The NHS plan included:

  • demolishing the current Charing Cross Hospital and selling off most the site
  • replacing the current Charing Cross Hospital with a series of clinics on a site no more than 13 per cent the size of the current hospital
  • replacing the current A&E with an urgent care clinic
  • losing more than 300 and possibly all the acute care beds
  • the detail on the proposals is in the NHS Case for Change (pdf 1.7MB).

Here is the detailed reconfiguration that the NHS consulted local people on in 2012. Option A, the one linked below, was the option they agreed, including the closure of the A&E department. They have since tried to redefine the existing urgent care centre as ‘an A&E appropriate for a local hospital’.

Archived information

  • Videos, public meeting report and hospital performance data

    Video: Save Charing Cross Hospital video 

    Huge public support as council refuses to sign up to hospital closure

    The decision by Hammersmith & Fulham Council to refuse ‘secretive’ hospital closure plans was backed by hundreds at a packed town hall meeting on 29 November 2016.

    Nearly 700 cheered and applauded Cllr Stephen Cowan, Leader of Hammersmith & Fulham Council, as he explained why he has refused to sign up to the local NHS Sustainability and Transformation Plan (STP). Councils across the UK have been asked to endorse similar plans for each region of the NHS, before they are submitted to government for approval.

    “The STP is a deeply cynical re-hash of the earlier flawed plans which now proposes to close Charing Cross Hospital in 2021,” said Cllr Cowan.

    “There are no good arguments for demolishing Charing Cross or for selling off much of the land and replacing it with an urgent care clinic just 13 per cent the size of the hospital. That’s why this administration will continue its fierce defence of Charing Cross and the vital local NHS services people rely on.”

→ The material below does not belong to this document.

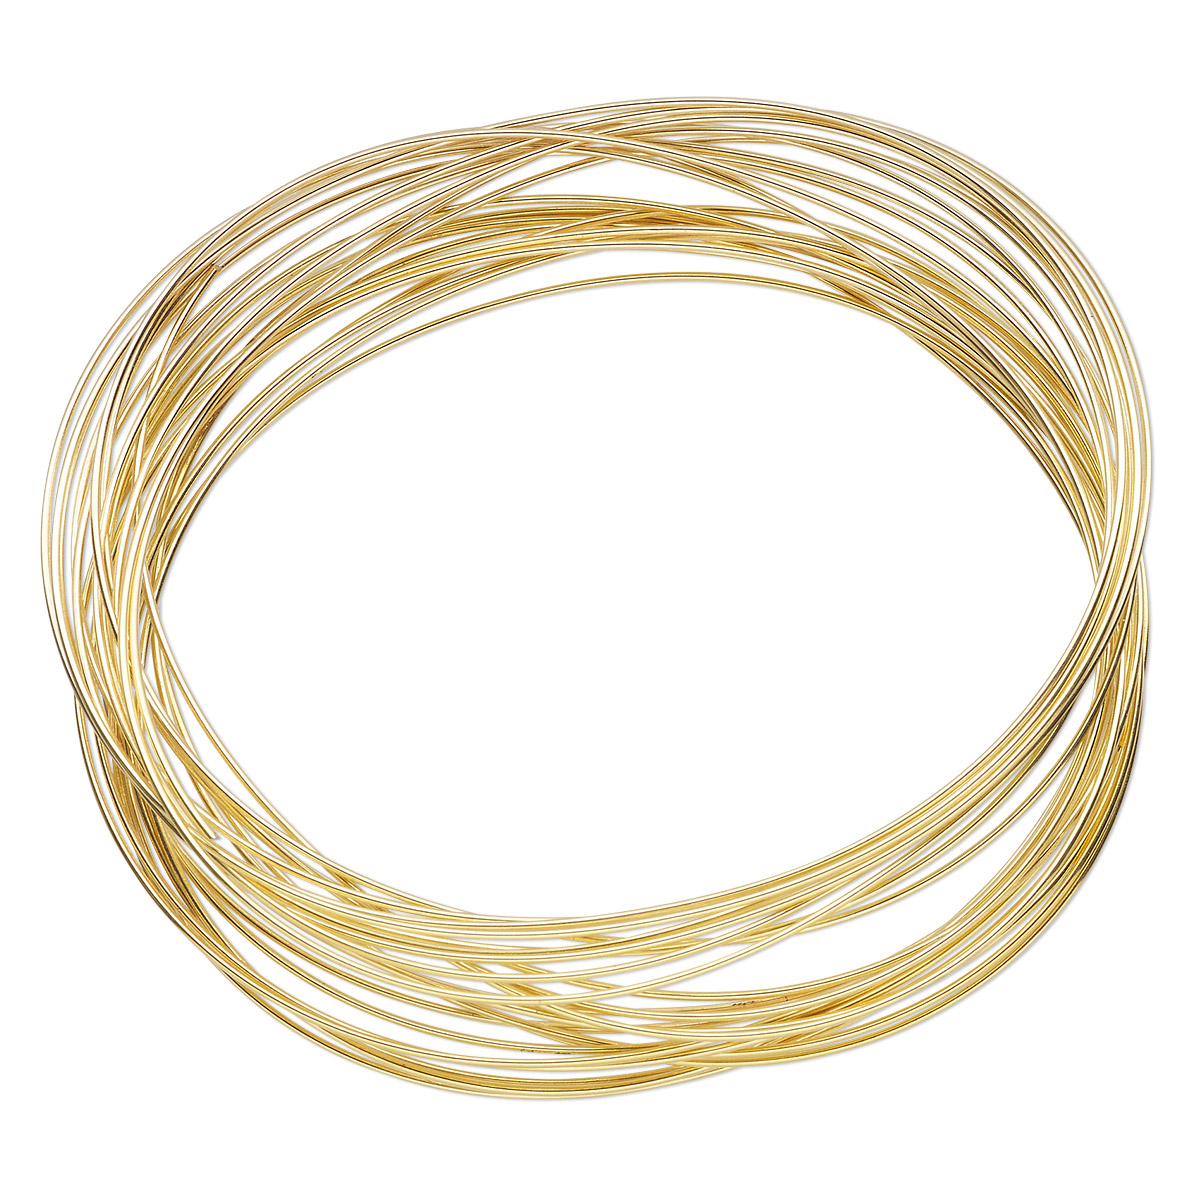 Memory wire, Beadalon®, gold-plated carbon steel, 2-1/2 x 1-3/4 inch ...

    See all the pictures from the event on our Flickr photo gallery

    Video: Cllr Cowan speaking at the town hall meeting

    The meeting drew campaigners from across the region who have been fighting plans to close or downgrade services at five out of the nine hospitals in north west London.

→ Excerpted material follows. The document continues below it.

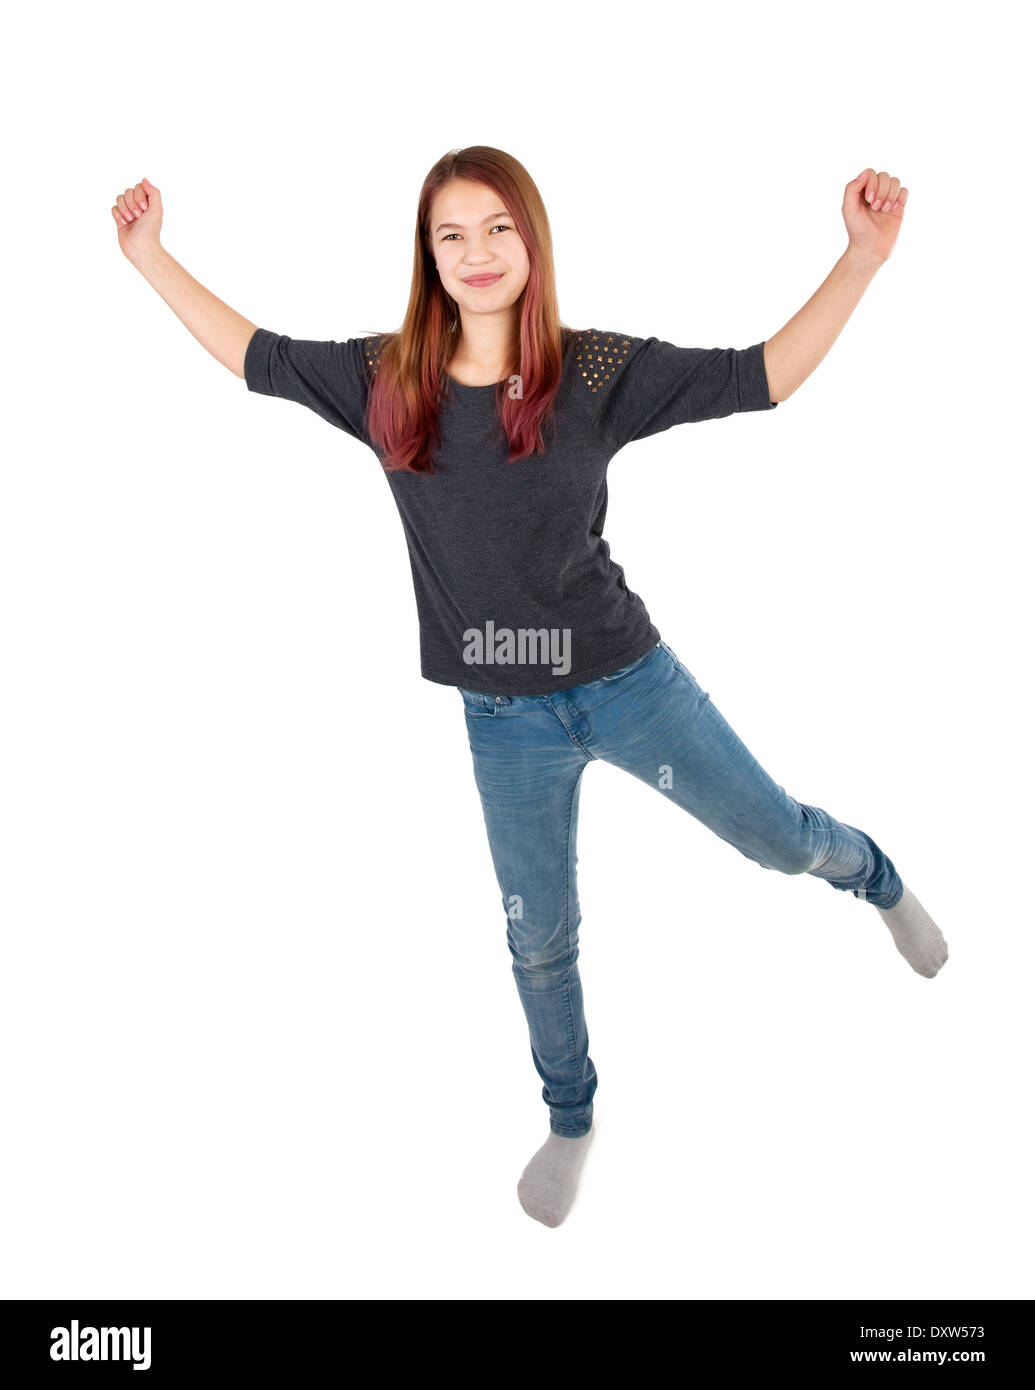 young girl jumping with arms extended Stock Photo

    Anne Drinkell, of the Save our Hospitals campaign, said: “This is a cuts and closures programme. We’re not saying we want no change. But objectively there’s already not enough capacity in our local hospital so closing more services would be unsafe.”

    Campaigners were united in condemning the tactics being used to force through drastic reductions in local health services secretively and without public consultation.

    The NHS has pressured councils to approve STPs by linking it to the release of vital government cash needed to keep councils’ social care services from collapsing under ever-rising demand.

    Dr David Wingfield, chairman of the Hammersmith and Fulham GP Federation, suggested the STP was not equipped to tackle the health and social care problems facing the borough. He offered to form a ‘grand alliance’ between GPs, councillors and members of the community to confront local healthcare challenges.